Im Bilanzgewinn ist ein Gewinnvortrag von EUR 584.564,96 enthalten.

Die Rückstellung für Pensionen und ähnliche Verpflichtungen wurden nach der versicherungsmathe­matischen Teilwertmethode gebildet. Es wurden folgende Annahmen für die Berechnung berücksichtigt (§ 285 Nr. 24 HGB):

durchschnittlicher Marktzins von 5,15 % für eine Laufzeit von 15 Jahren, der von der Deutschen Bundesbank bekanntgemacht wurde

Lohn- und Gehaltssteigerungen von 1% nach den Erfahrungswerten aus der Vergangenheit

Sterbetafeln nach Dr.

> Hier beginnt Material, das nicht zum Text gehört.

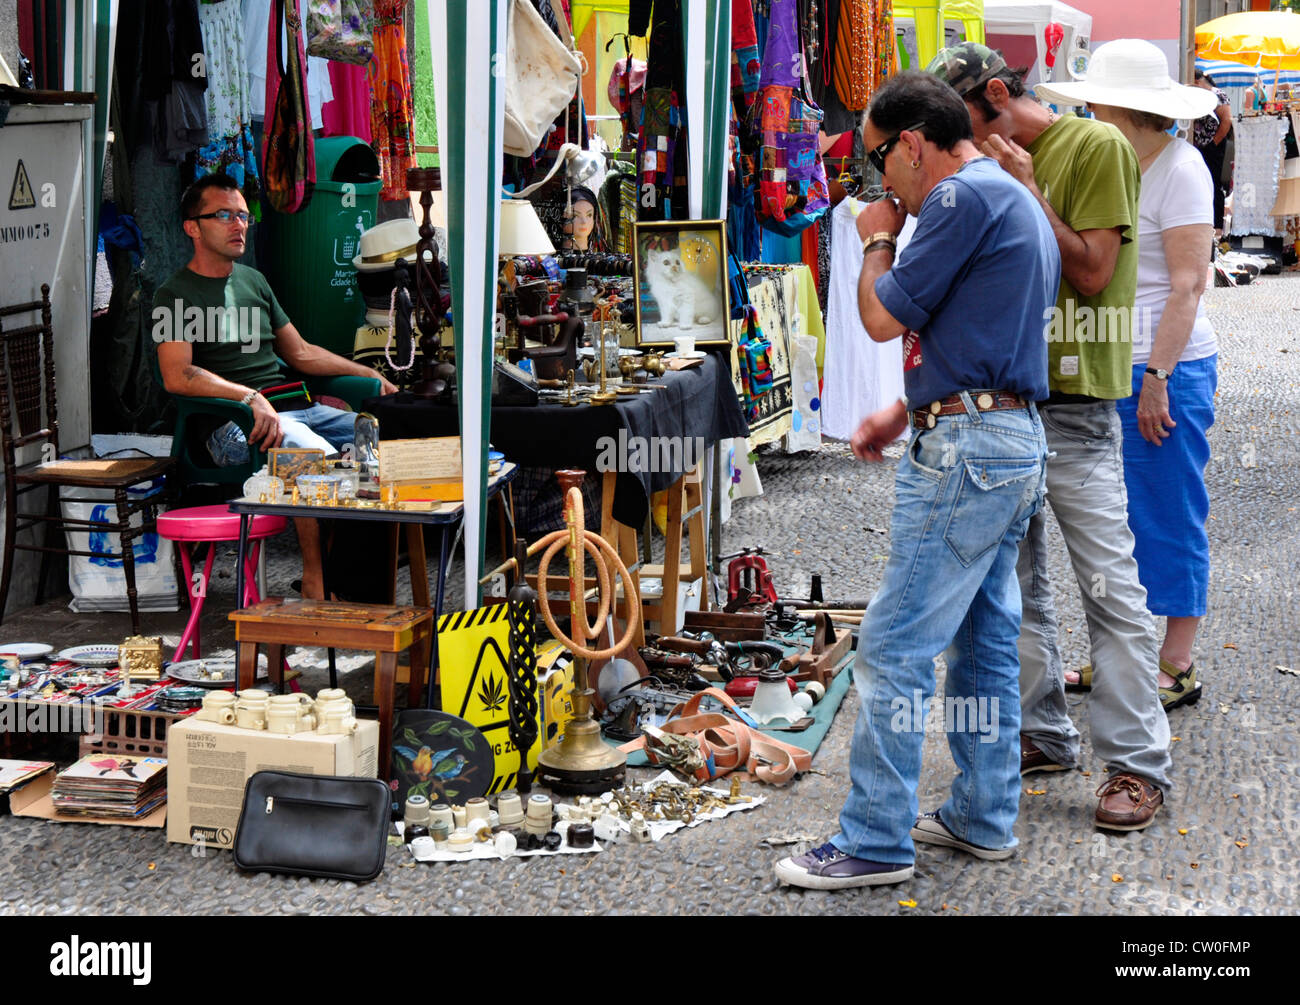 Portugal - Madeira - Funchal zona velha - calar en la calle del mercado - compradores contemplando una posible compra Foto de stock

Klaus Heubeck "Richttafeln 2005 G"

Durch die Umstellung der Bewertung der Pensionsrückstellungen nach BilMoG ergibt sich ein zusätz­licher einmaliger Rückstellungsbetrag in Höhe von EUR 17.980,00. Dieser Betrag wurde den Pensions­rückstellungen zugeführt und als außerordentlicher Aufwand ausgewiesen.

Die Restlaufzeit der Verbindlichkeiten (§ 268 V 1 HGB, § 285 Nr.1 und Nr. 2 HGB) betragen ein Jahr.

Die Verbindlichkeiten gegenüber Gesellschaftern (§ 42 III GmbHG) betragen EUR 24.758,57 (Vorjahr: TEUR 24).

IV. Sonstige Pflichtangaben

Während des abgelaufenen Geschäftsjahres wurden die Geschäfte des Unternehmens - unverändert - geführt durch Frau Corinna Brenke.

Von den Erleichterungen der §§ 274a, 288 I HGB wurde teilweise Gebrauch gemacht.

Brenke GmbH

(Corinna Brenke)

(Geschäftsführer)

Angabe nach § 328 Abs. 1 Nr. 1 Satz 2 HGB

Der Jahresabschluss zum 31.12.2010 wurde am 28.12.2011 festgestellt.